_Problem to work on_
Only the lines below from the one containing "Are You Ready? for Flute/Recorder" through the one containing "A resident received" belong in the answer, set down exactly, with the pictures left out.

_Material provided_
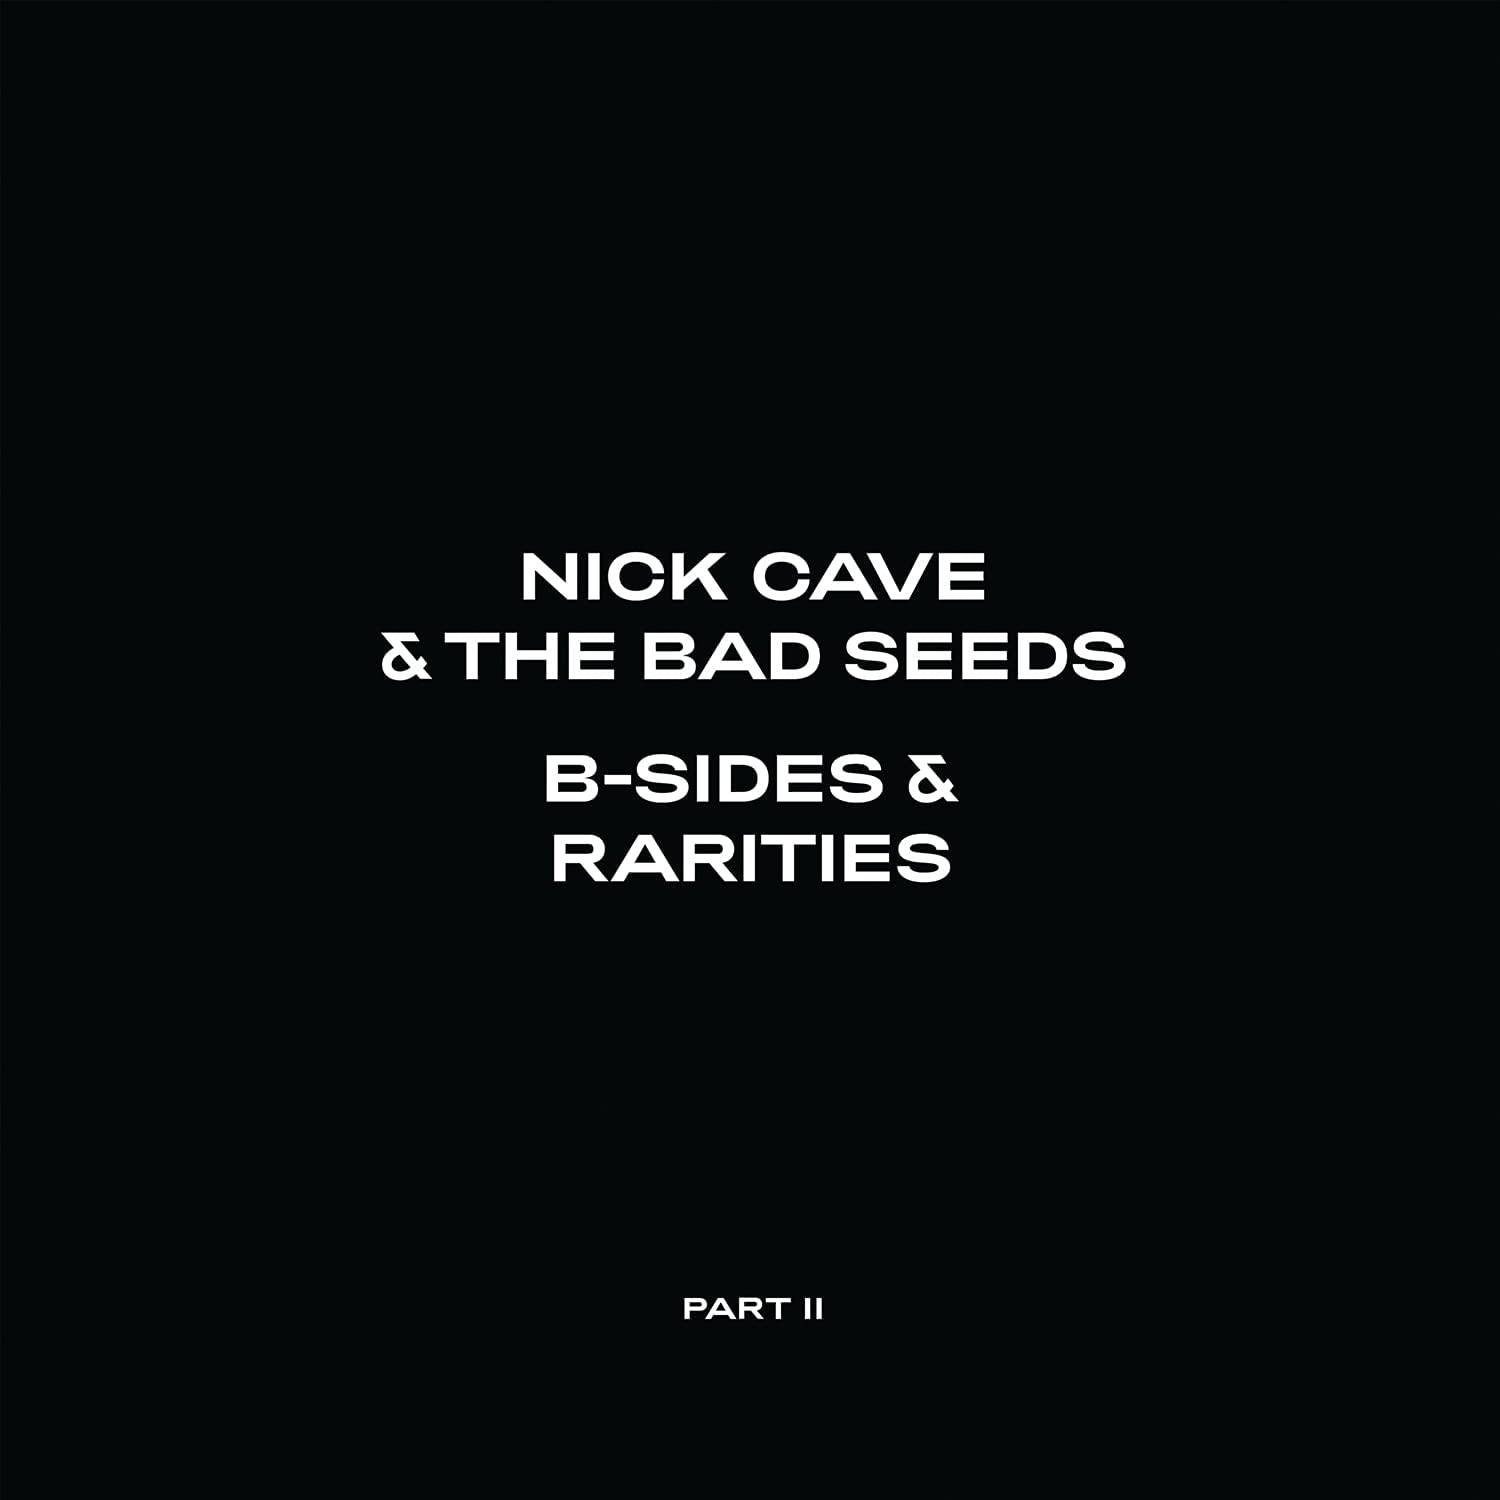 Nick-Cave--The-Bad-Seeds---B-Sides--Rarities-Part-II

* * *

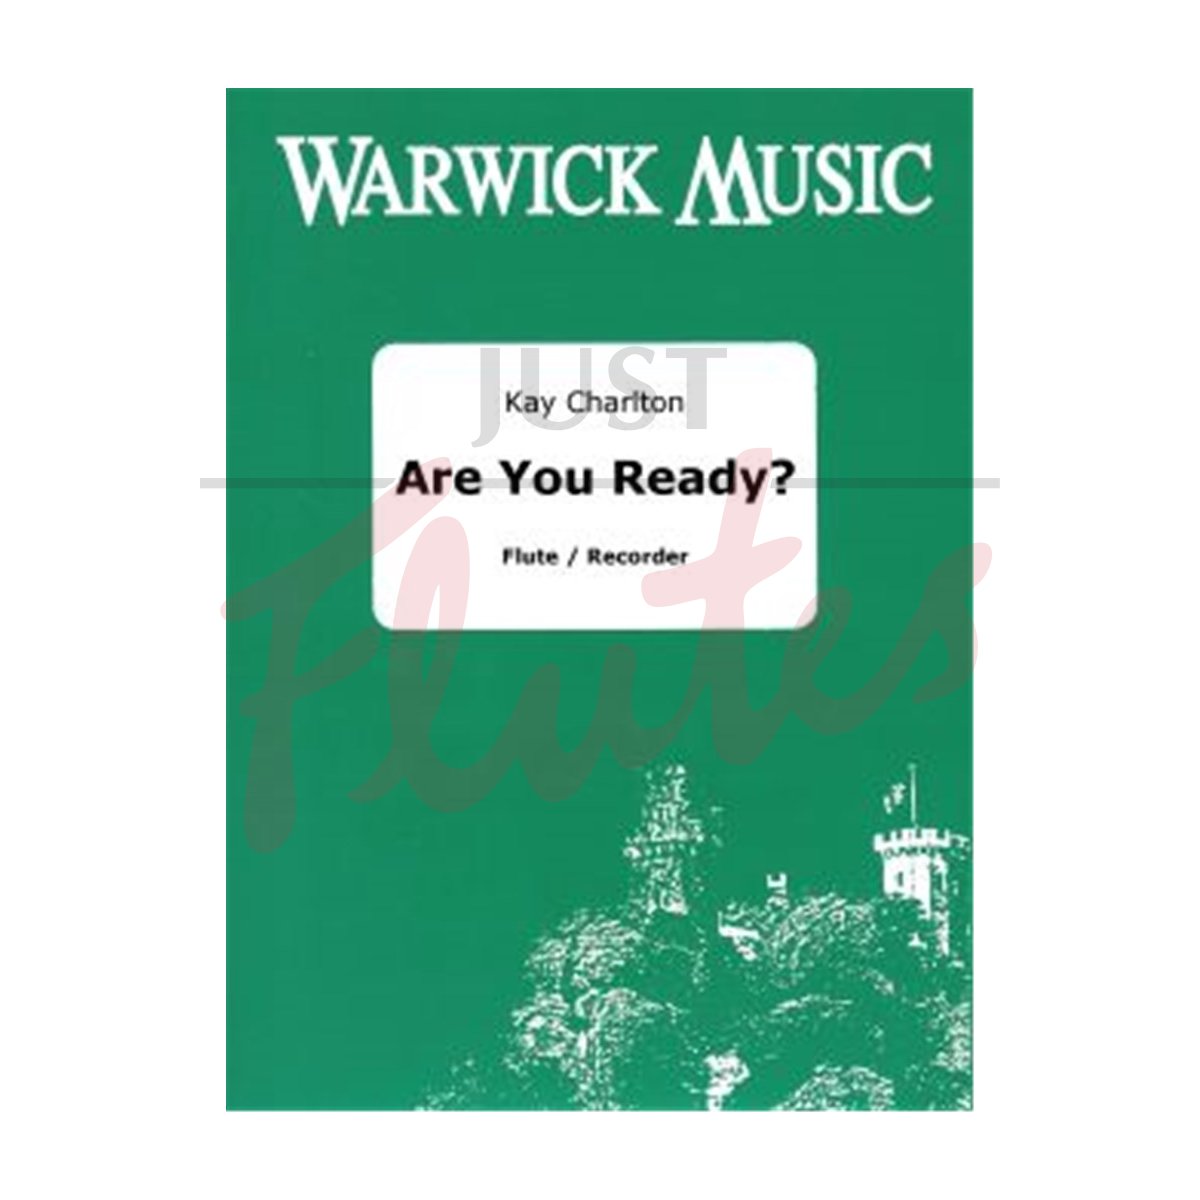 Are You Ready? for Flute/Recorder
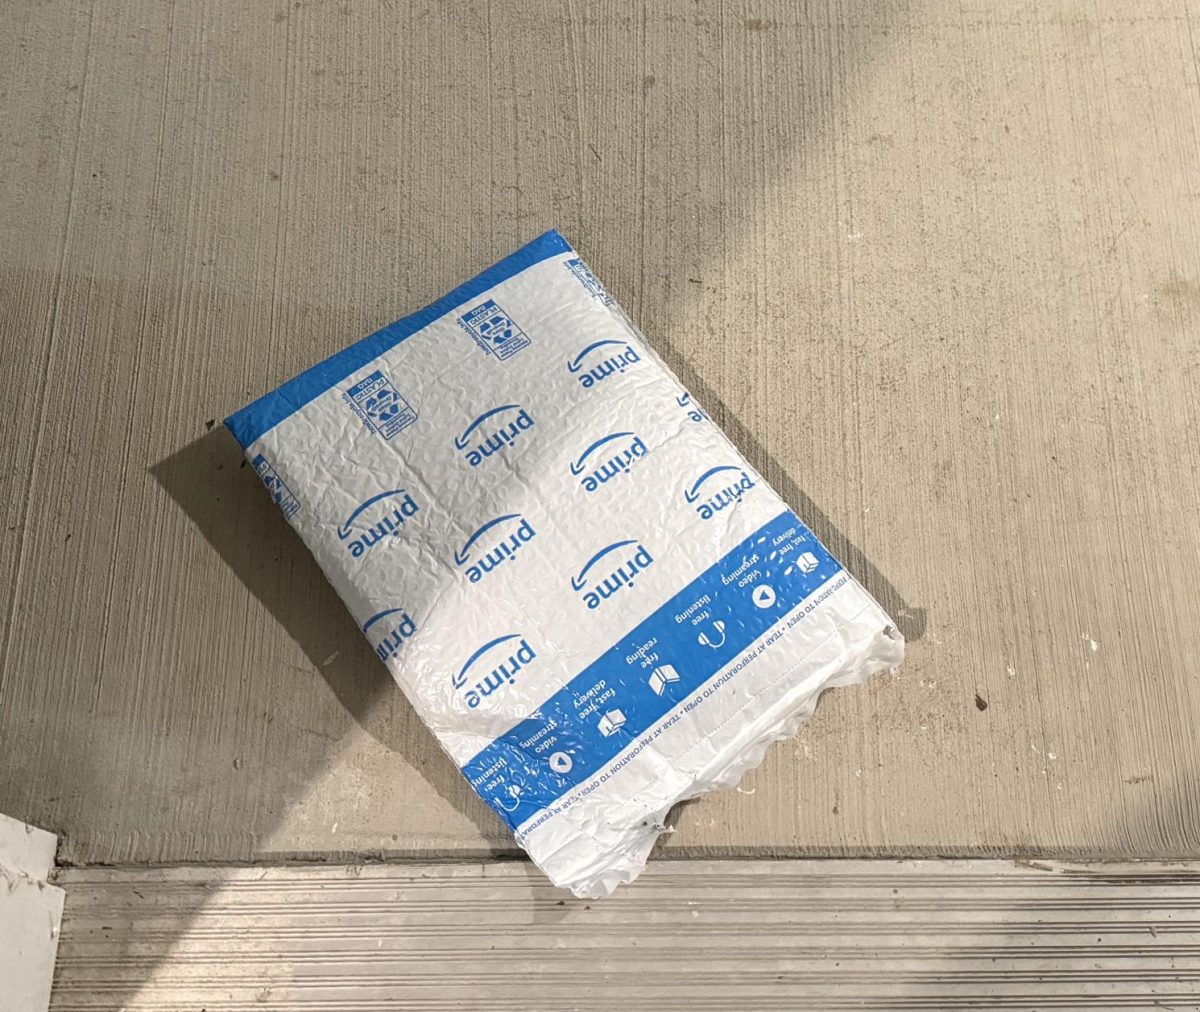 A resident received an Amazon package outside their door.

_Task output_
 Are You Ready? for Flute/Recorder
 A resident received an Amazon package outside their door.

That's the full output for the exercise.